### [Data section]

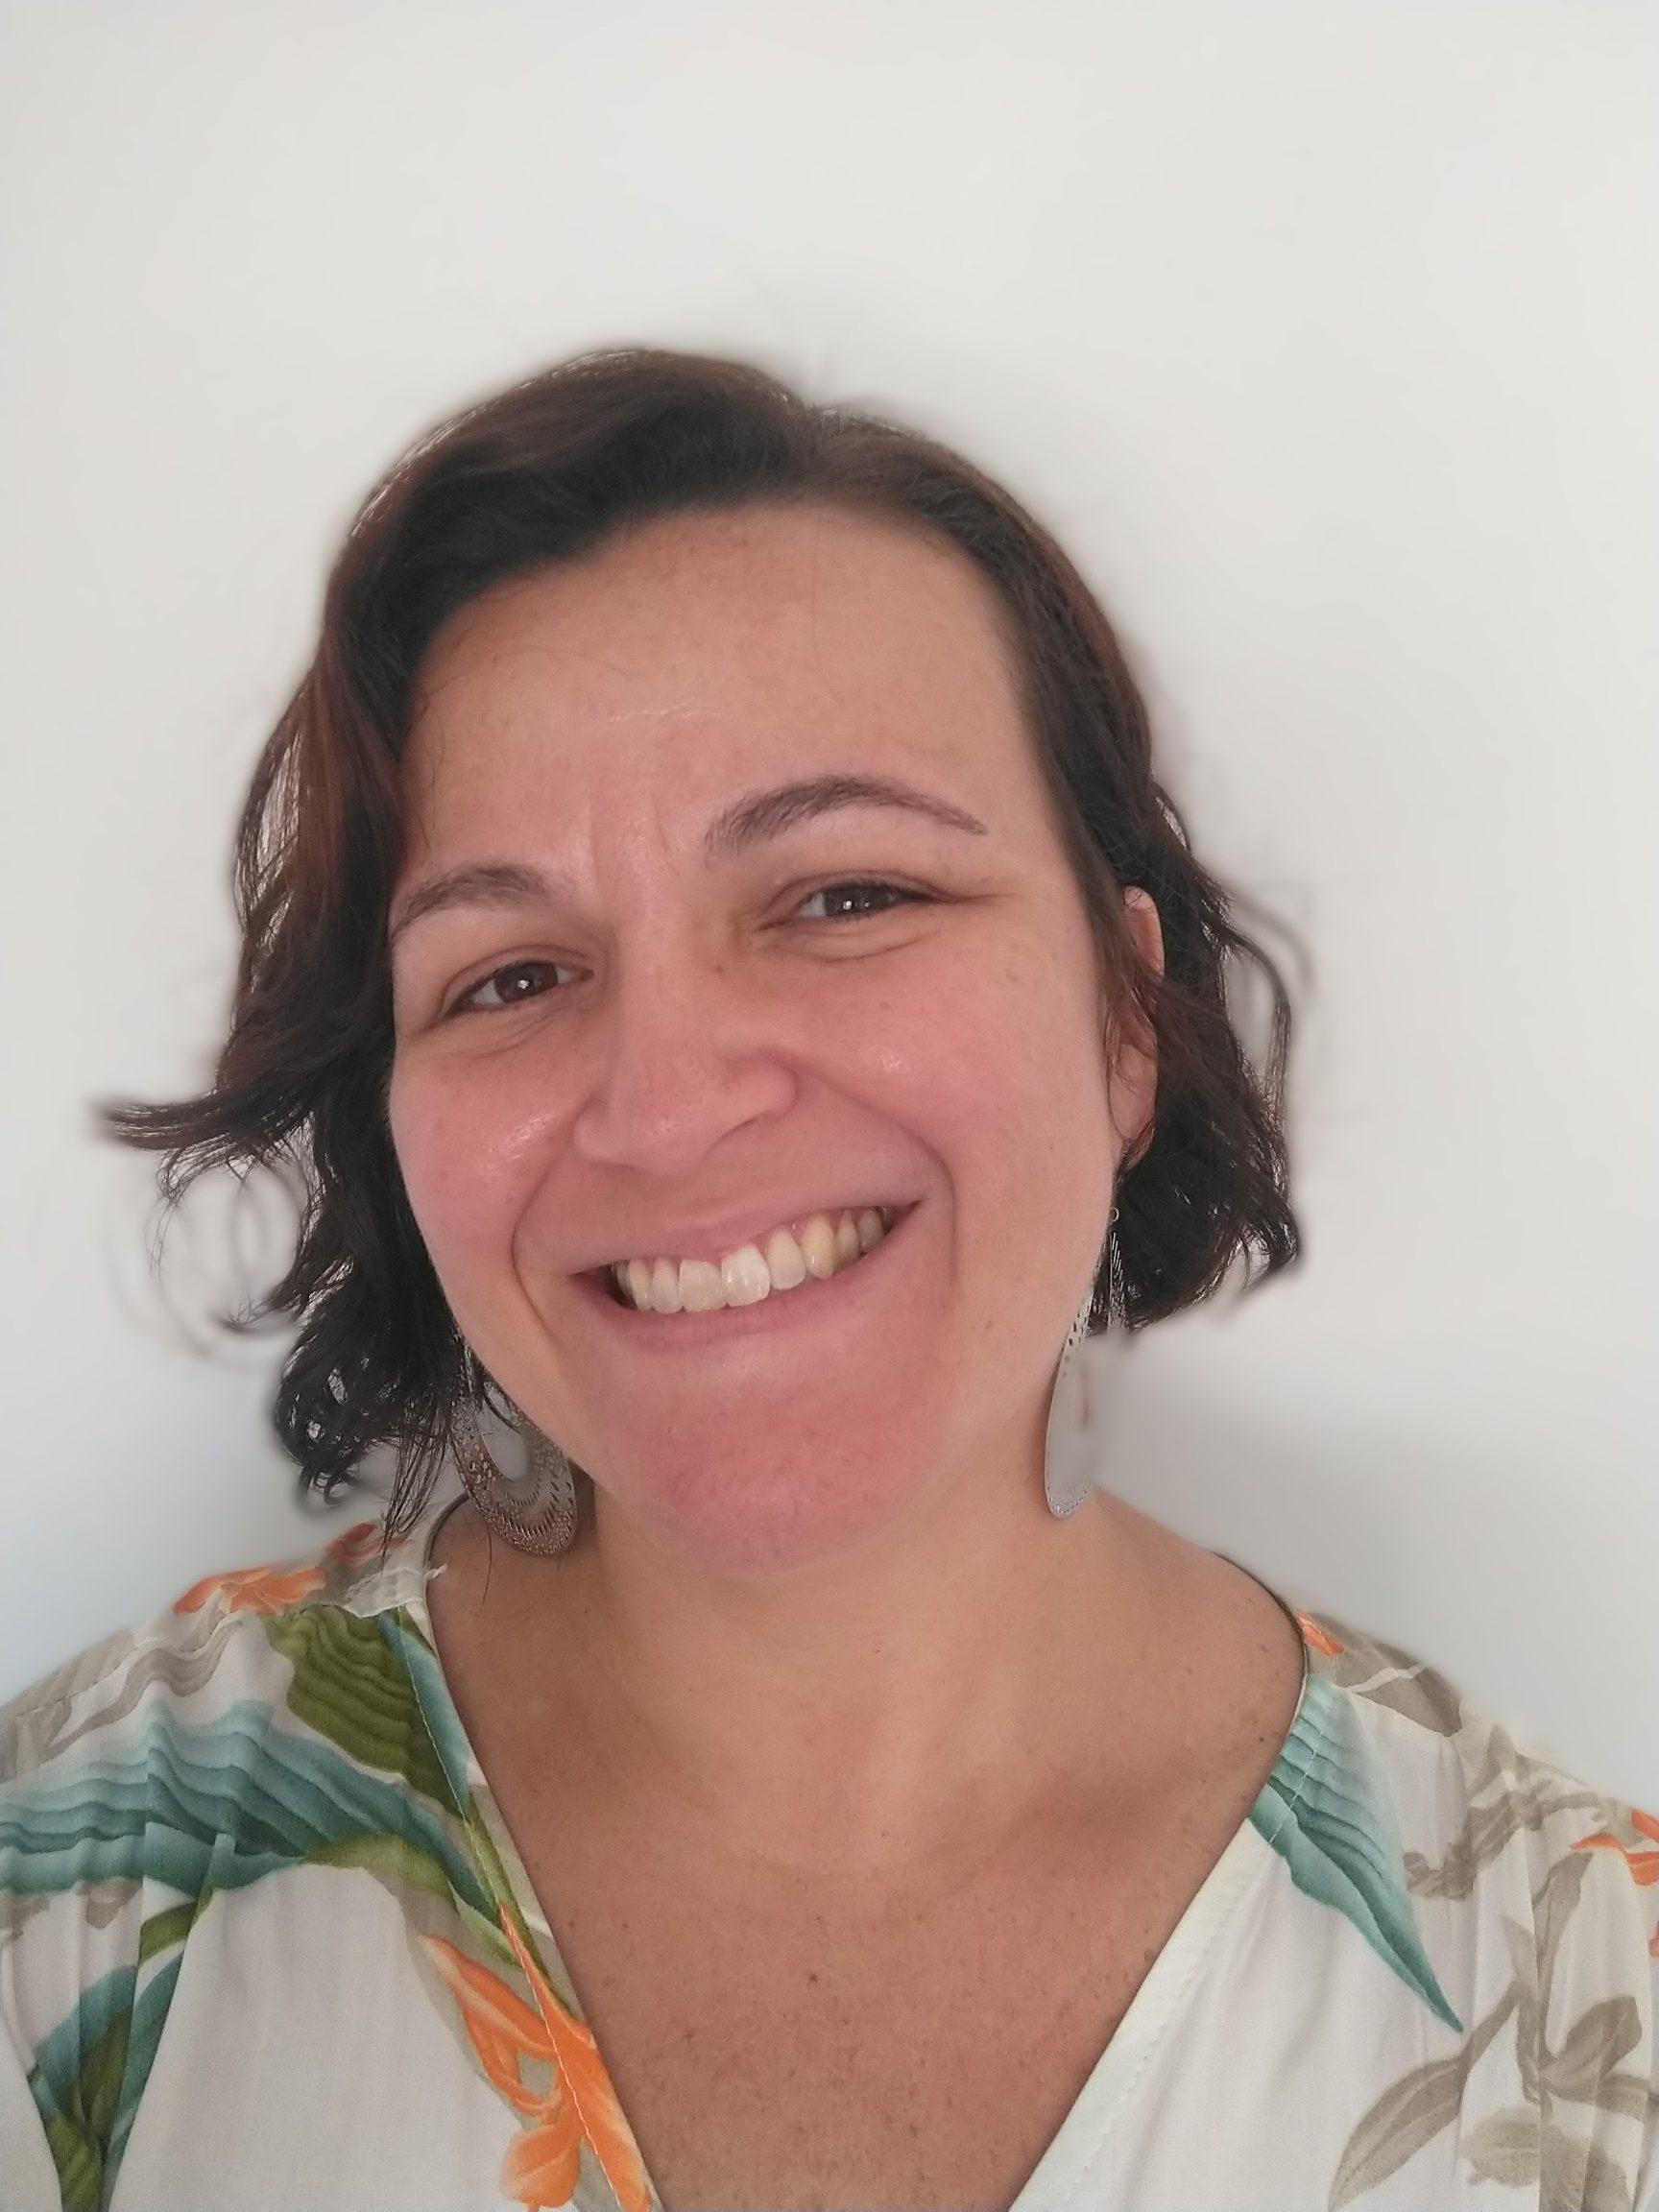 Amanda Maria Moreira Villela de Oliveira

==

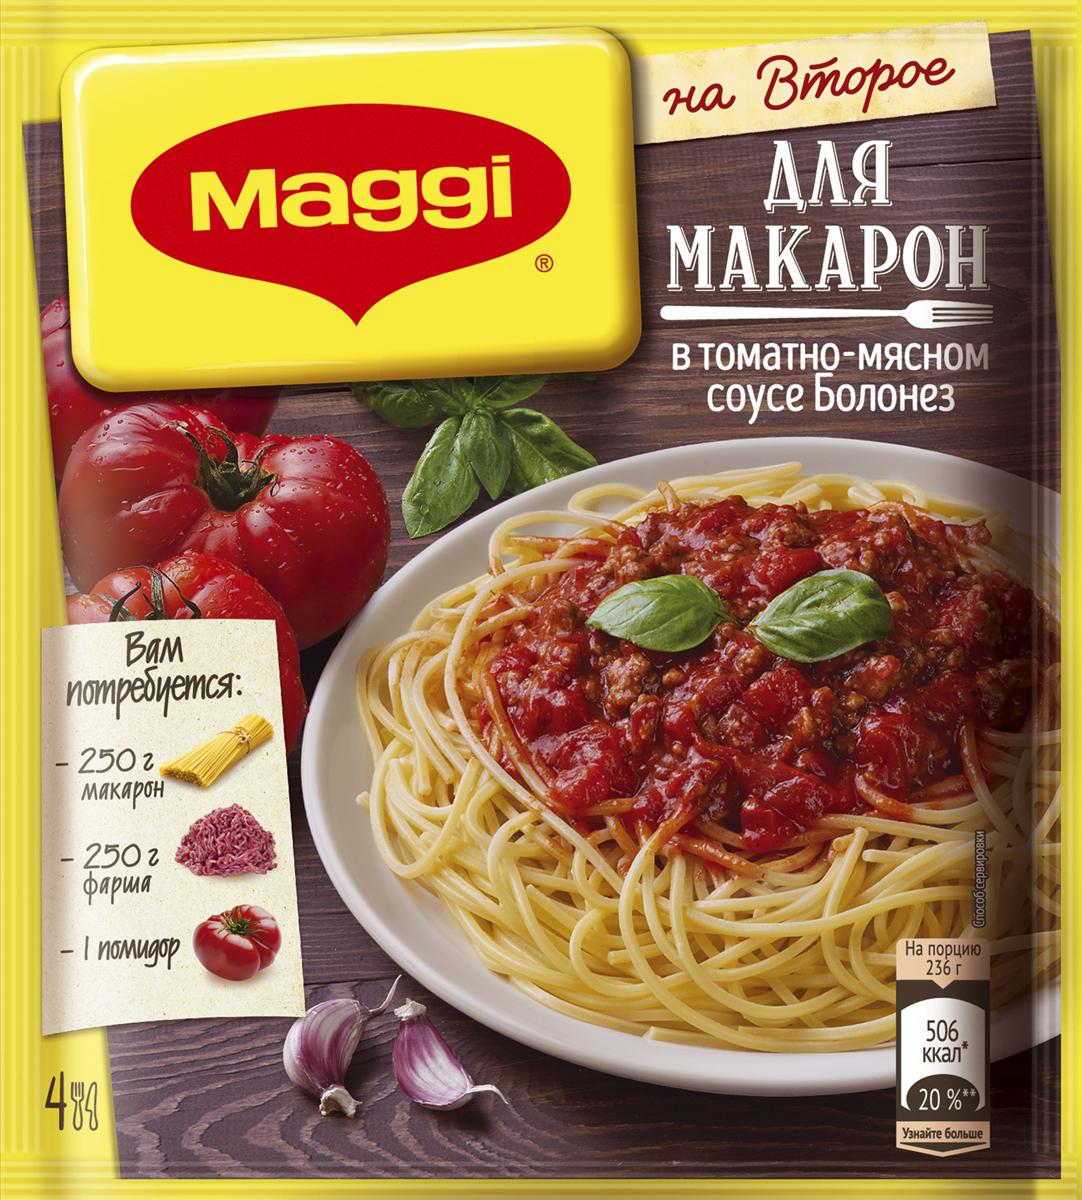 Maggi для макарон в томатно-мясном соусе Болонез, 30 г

---

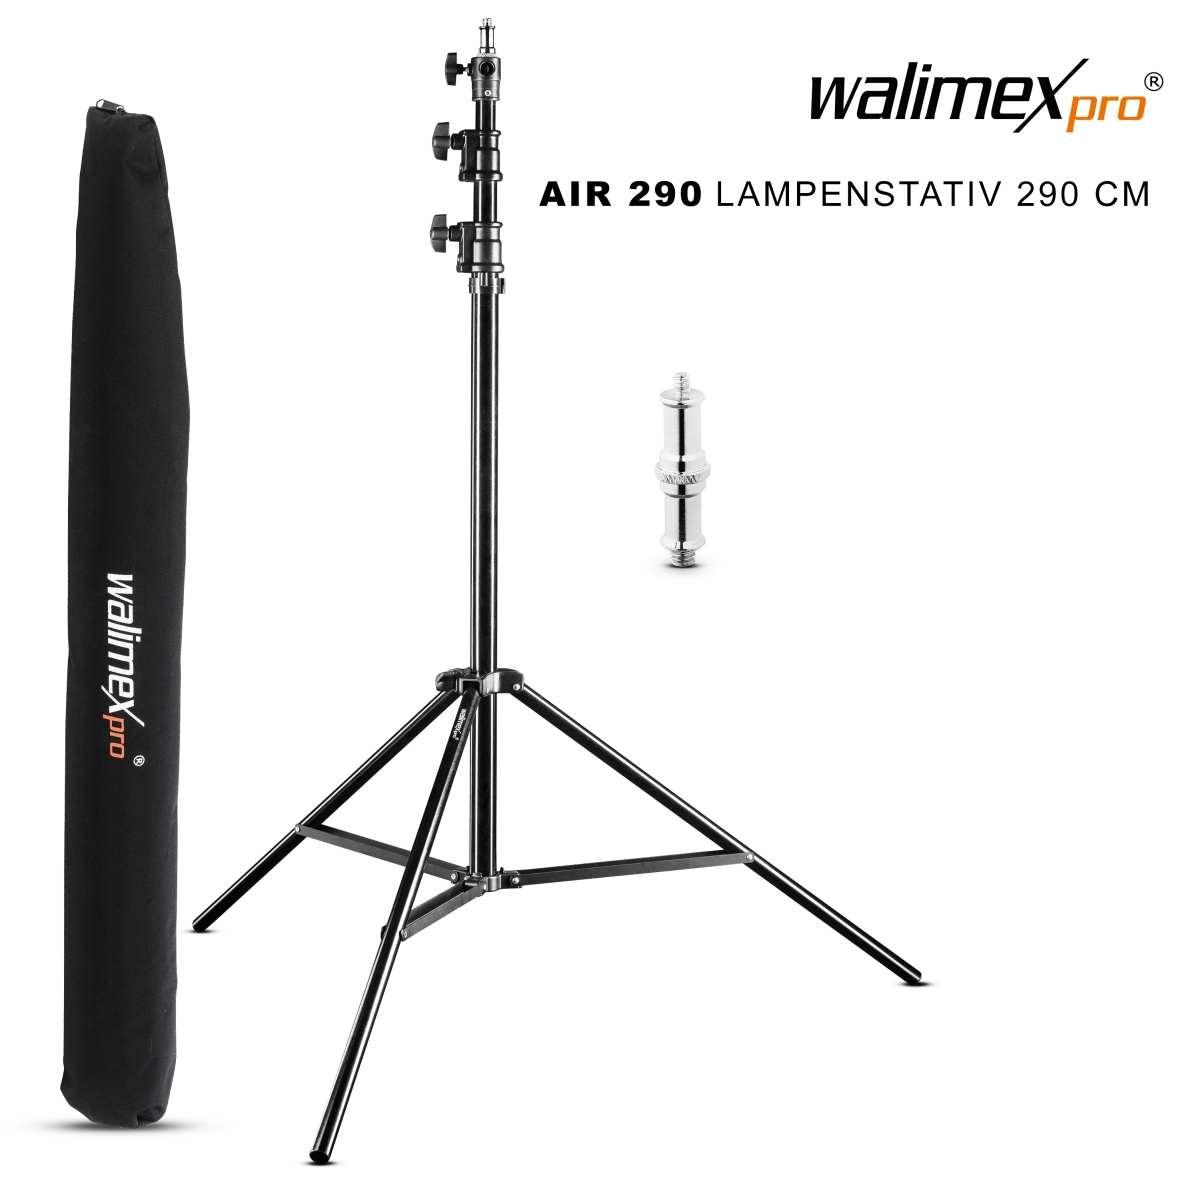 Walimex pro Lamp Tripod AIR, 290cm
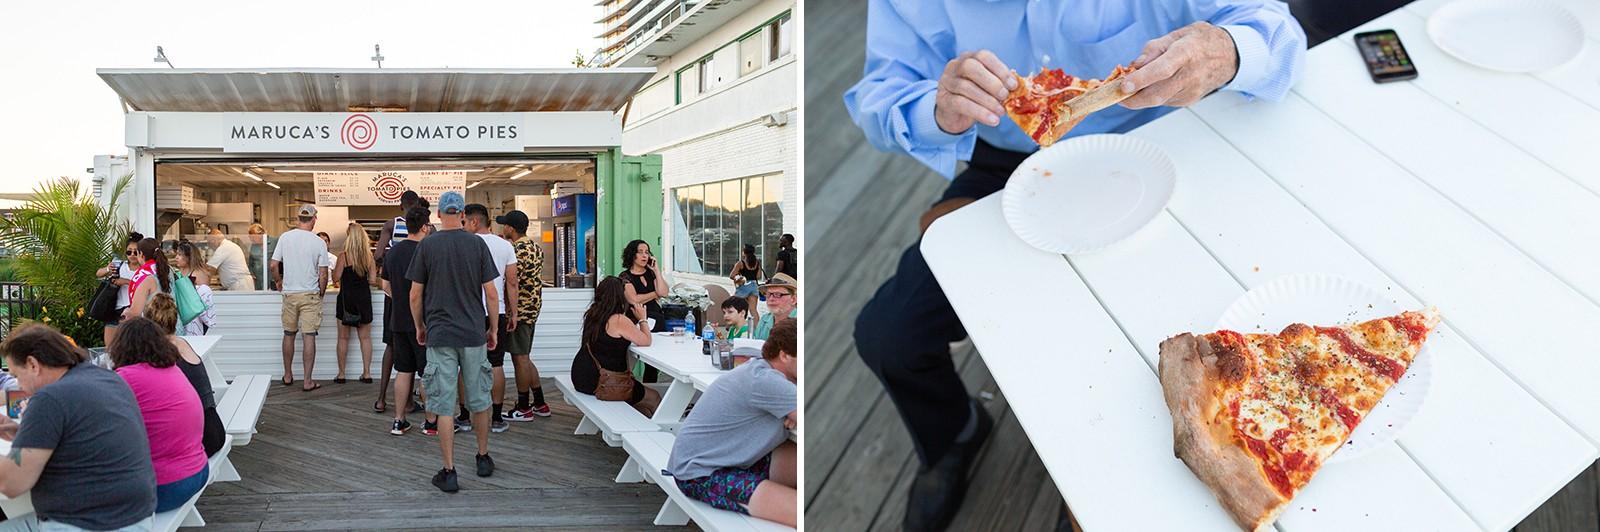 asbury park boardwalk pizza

### [What you will do]
Every line from the one with "Walimex pro Lamp Tripod AIR, 290cm" through the one with "asbury park boardwalk pizza" is to be reproduced exactly as written above, and the pictures are to be dropped.

### [The completed task]
 Walimex pro Lamp Tripod AIR, 290cm
 asbury park boardwalk pizza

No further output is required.